Choose an Email Marketing Service

Your first step in this venture is to choose an email marketing platform. Whether you’re looking to send out automated emails curated from content on your website, or to craft custom templates to send each week or month, most services will have what you need. It’s a matter of the features and pricing that’s right for you.

There are hundreds of fantastic email services out there; here are a few examples.

  • MailChimp: This popular platform is a safe bet for beginners. It’s packed with features and free up to 2,000 contacts and 12,000 emails per month. It’s perfect if you’re not sure about committing.
  • GetResponse: GetResponse is an affordable all-in-one platform that includes email marketing, automation and landing page design.
  • Constant Contact: Constant Contact aims to deliver marketing for small businesses that’s offered to as many people as possible. The drag-and-drop editor makes templates easy to create.

Newspaper and business cards

Select Content and Craft a Template

Picked a marketing platform? It should come with email templates that you can personalize to fit your brand and vision. While this step will vary depending on the service you picked, here are a few things to keep in mind while creating your newsletter template.

  • The subject line is the most important part of an email. It’s the difference between a deleted email and an engaged user. Don’t waste any time here; grab their attention, make an offer, or create urgency in your headline.
  • Build intrigue! Use teasers for blogs or products; promise something if they visit your site, like an exclusive look at the latest posts or products.
  • Don’t forget your call to action! Lead the readers to your website with a gripping CTA and a button that can’t be missed.
  • Limit the frequency of emails, but make sure to be consistent. Any more than weekly can annoy users; any less than monthly can cause lost engagement.
  • Use images. A text-only email is boring. Include a large picture to grab attention and draw it to the main content.

If you’re pulling from your blog feed, you’ll need to use RSS-to-email features.

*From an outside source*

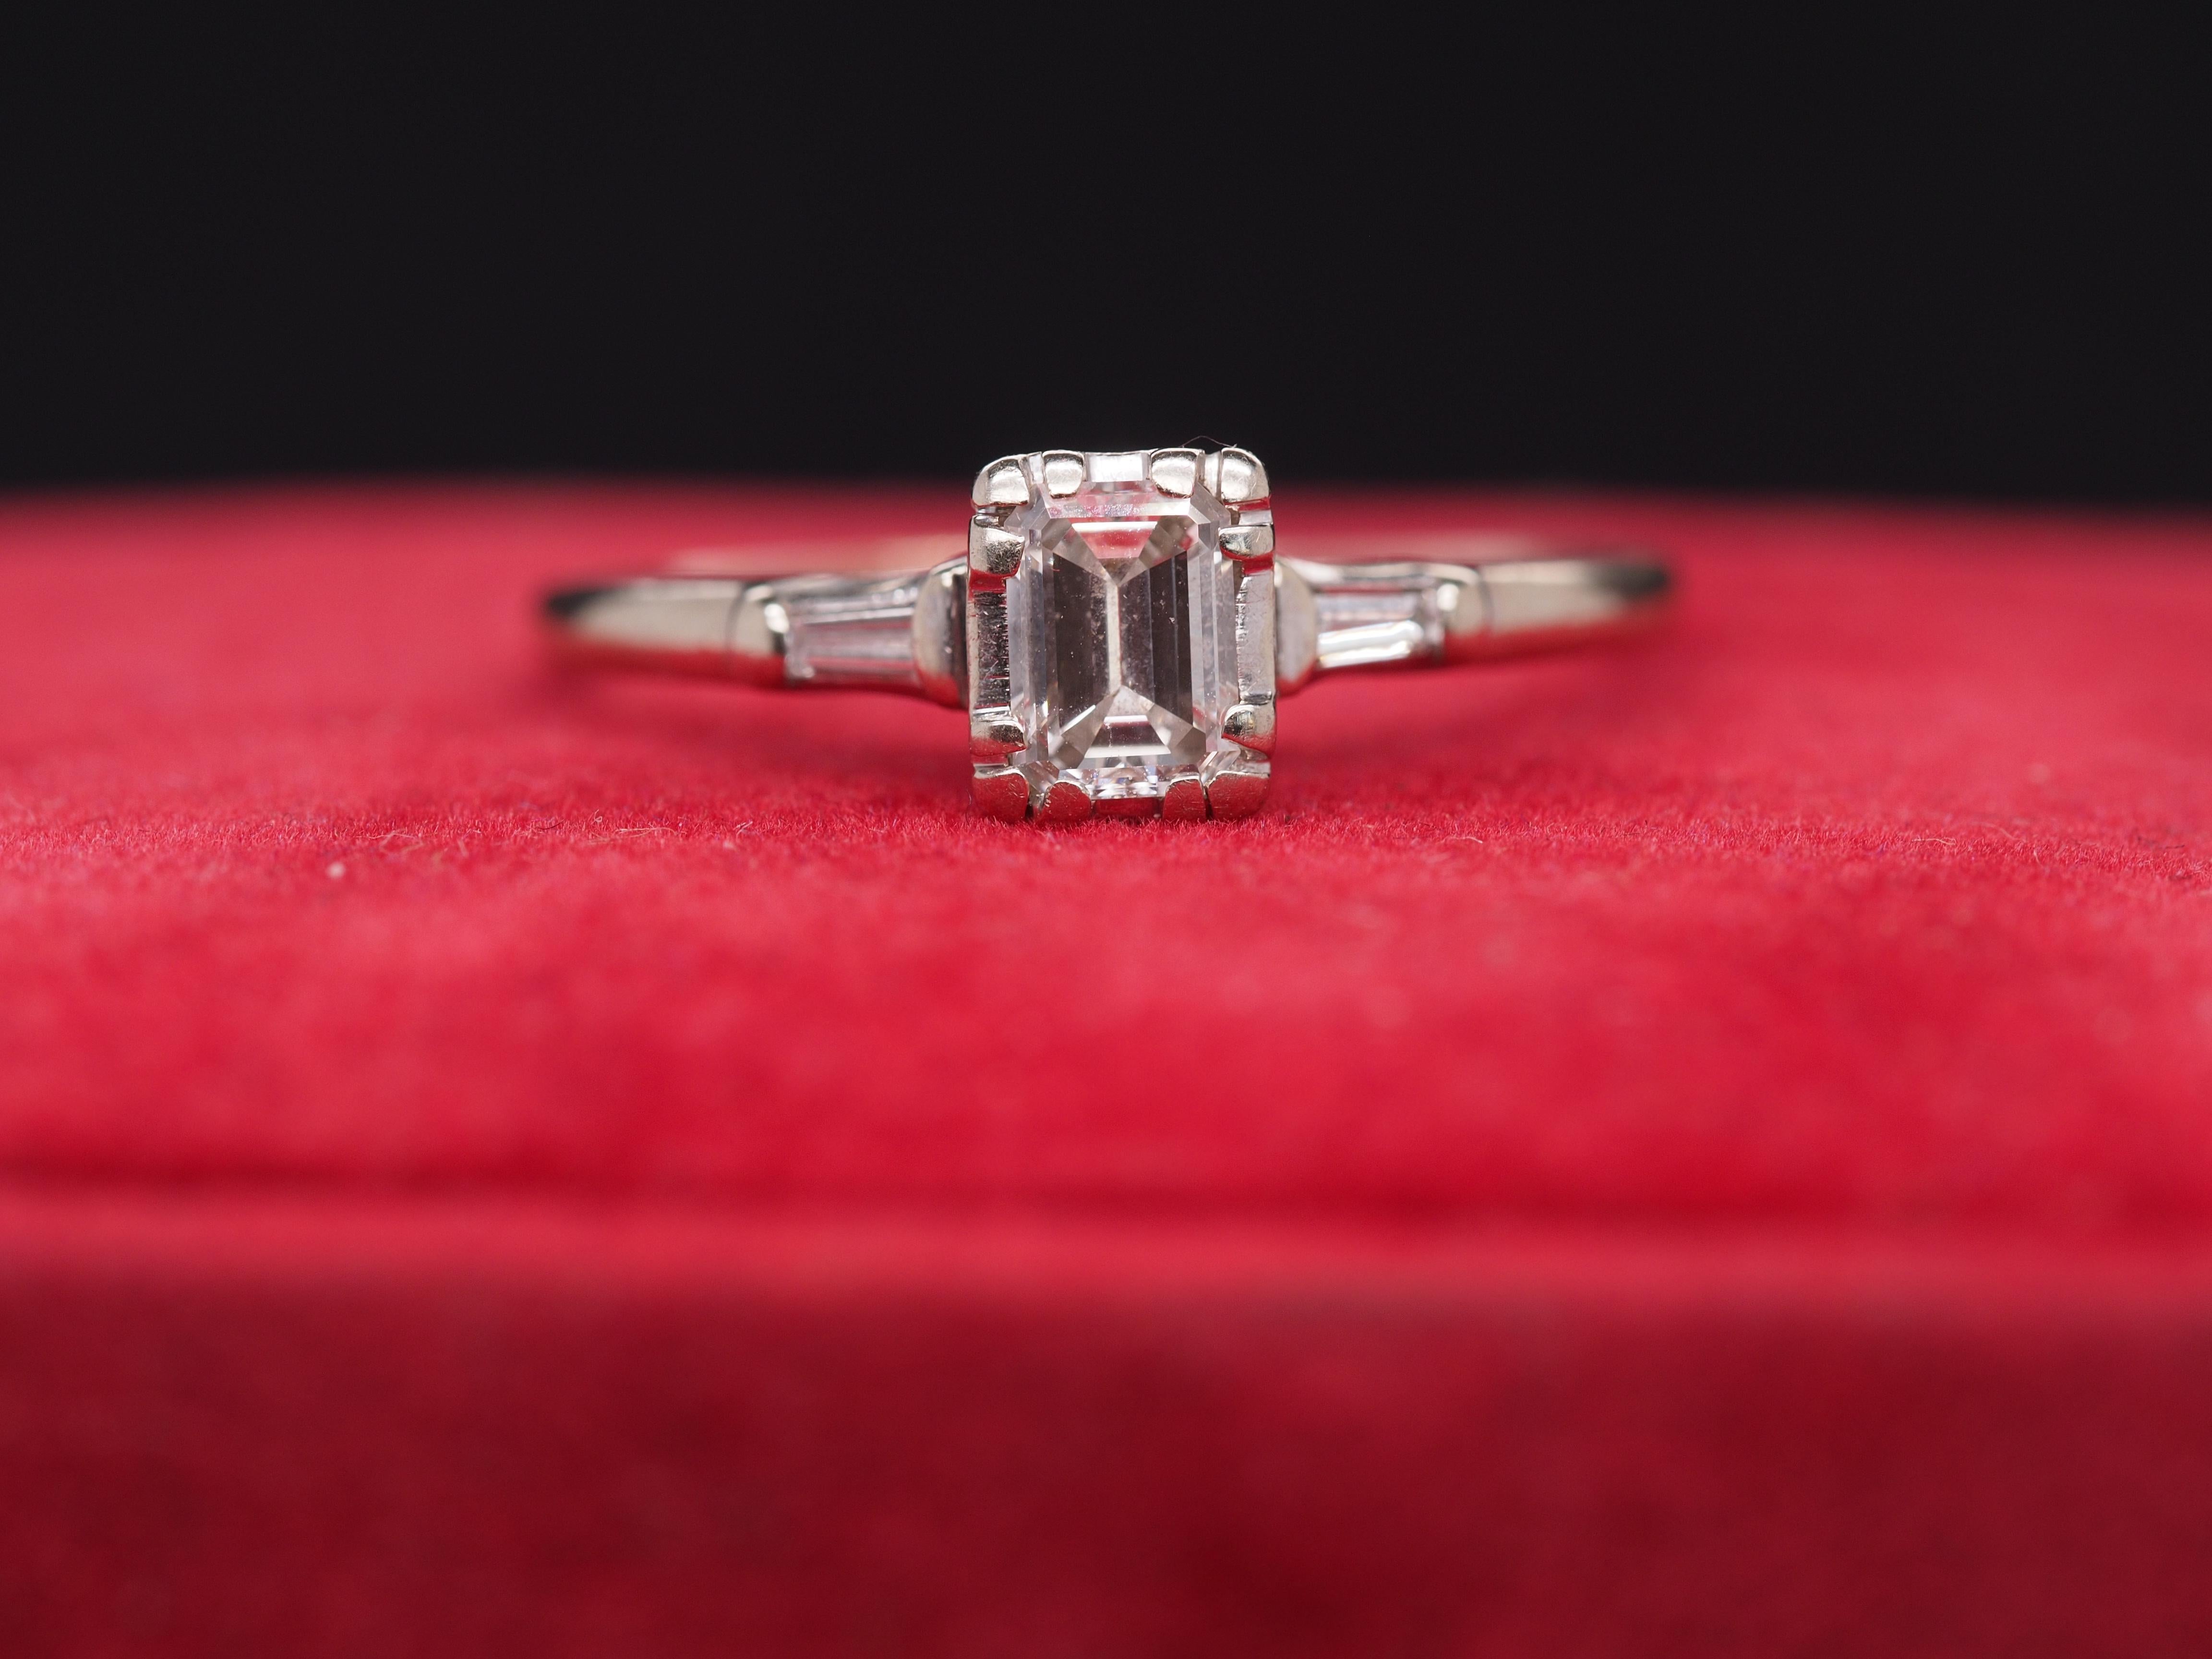 .50 carat emerald diamond engagement ring

Blueprints, pencil and ruler

Collect Subscribers

Once you have a solid template to work with and have your automation set up, you need to get some subscribers. Remember to obtain them legitimately through your website; buying email lists isn’t worth being blacklisted as a spam domain.

To start, make sure to advertise everywhere you can on your website! Promote it at the end of blog posts; add the form to your header or footer; include a “hello bar” that greets users and invites them to join. Pop-ups can be used when users reach the end of an article or leave the tab.

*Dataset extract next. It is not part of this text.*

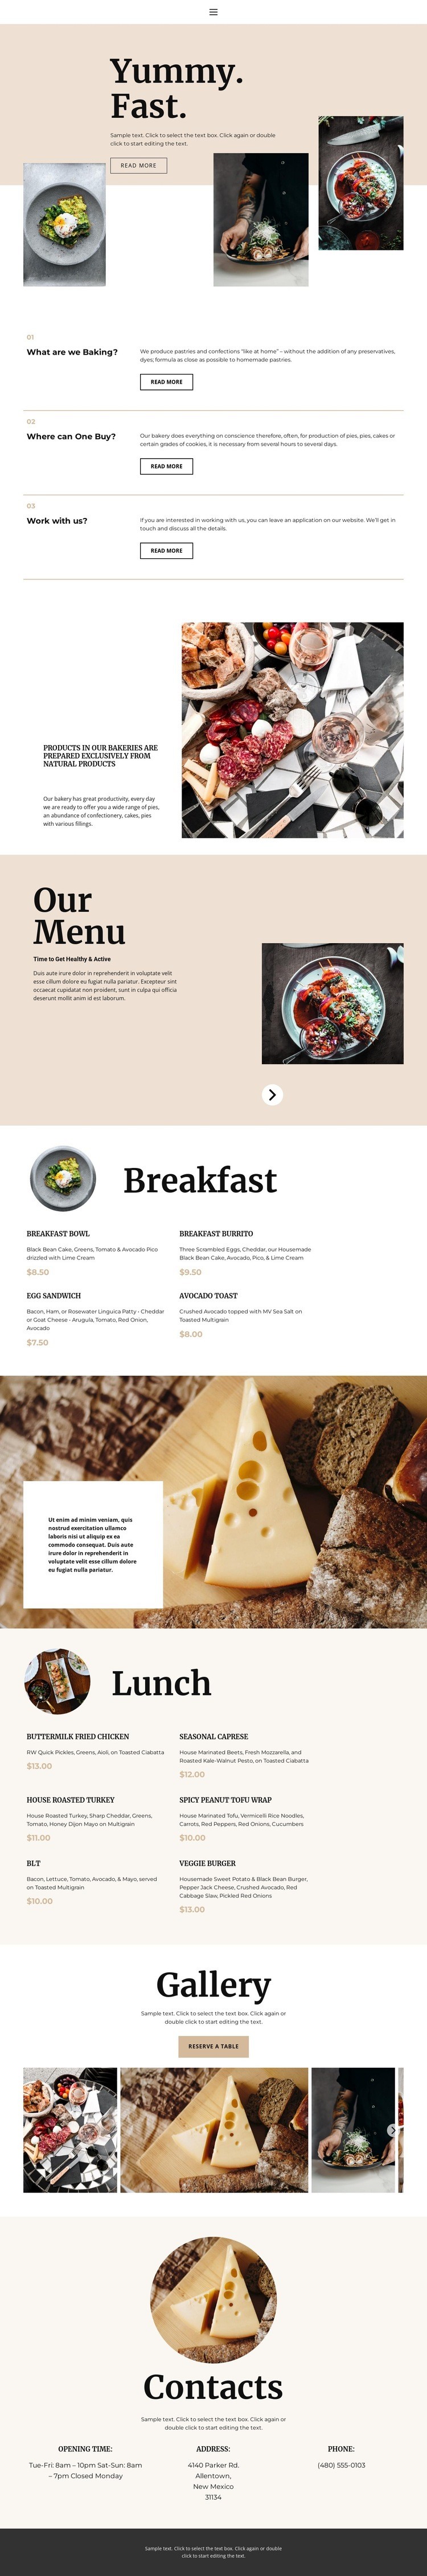 New restaurant Web Page Design

Include a lead magnet in your email campaign. What will they get if they sign up to your newsletter? A free e-book? A coupon? Give them a reason to commit to you.

If you’re not writing a blog, consider starting one. A high-quality blog can bring traffic to your website, which means more chances at gaining subscribers!

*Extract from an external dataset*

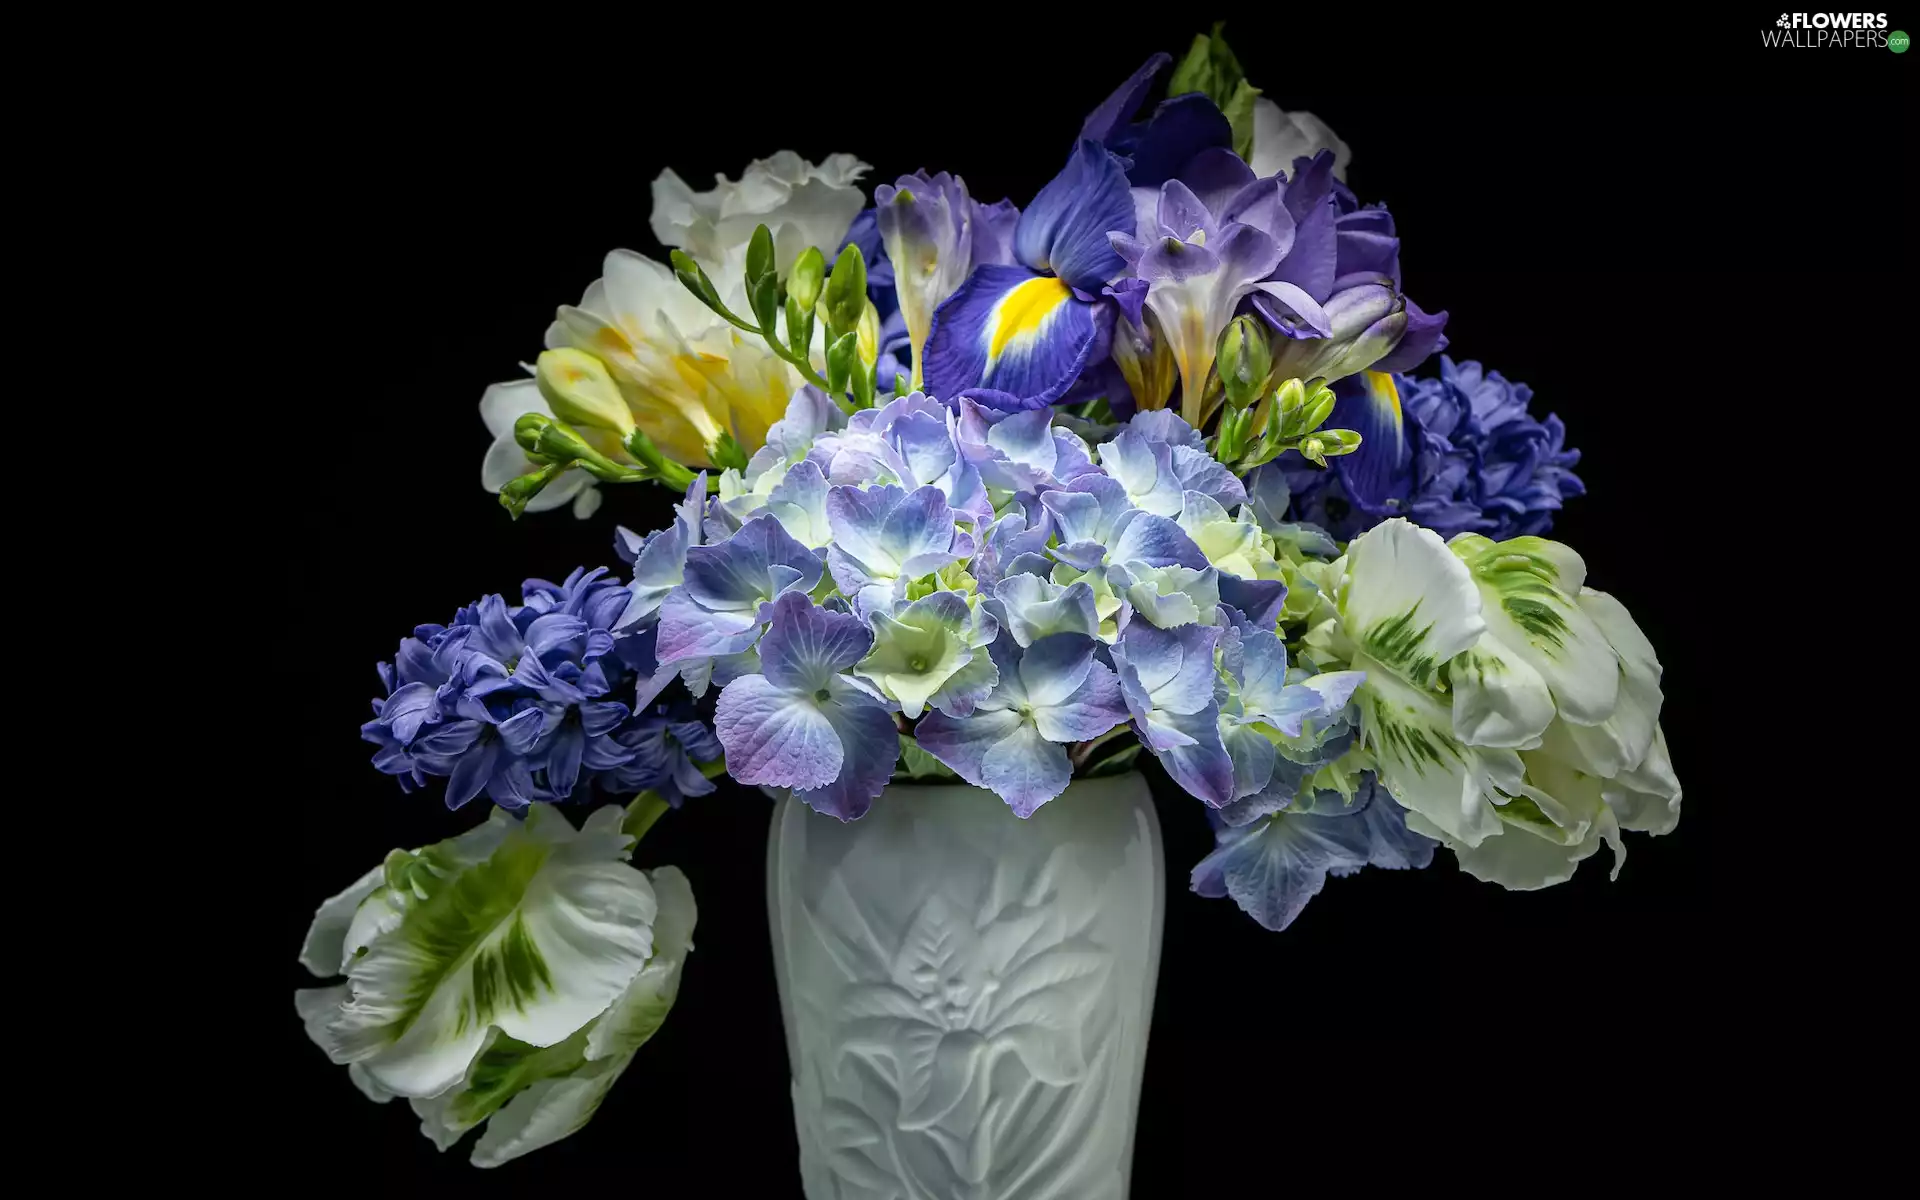 hydrangea, freesia, Vase, Tulips, hyacinth, flowers, bouquet, iris

And make sure the sign-up process is as seamless as possible. The form should be accessible and visible on every page. Make the sign-up application the central focus. And, avoid having too many forms. In short, make it easy to find and even easier to fill out.

Email subscriber illustration

Creating Compelling Emails

Starting a newsletter can take a lot of work, but it’ll be worth it when you see the results. A newsletter will retain past visitors who might have otherwise forgotten your website, while looping in new fans in the process.

If you want to create a little more engagement with your visitors, start a weekly or monthly newsletter and watch as people return to see your latest endeavors. With so many easy-to-use email marketing platforms out there, anyone can create a newsletter.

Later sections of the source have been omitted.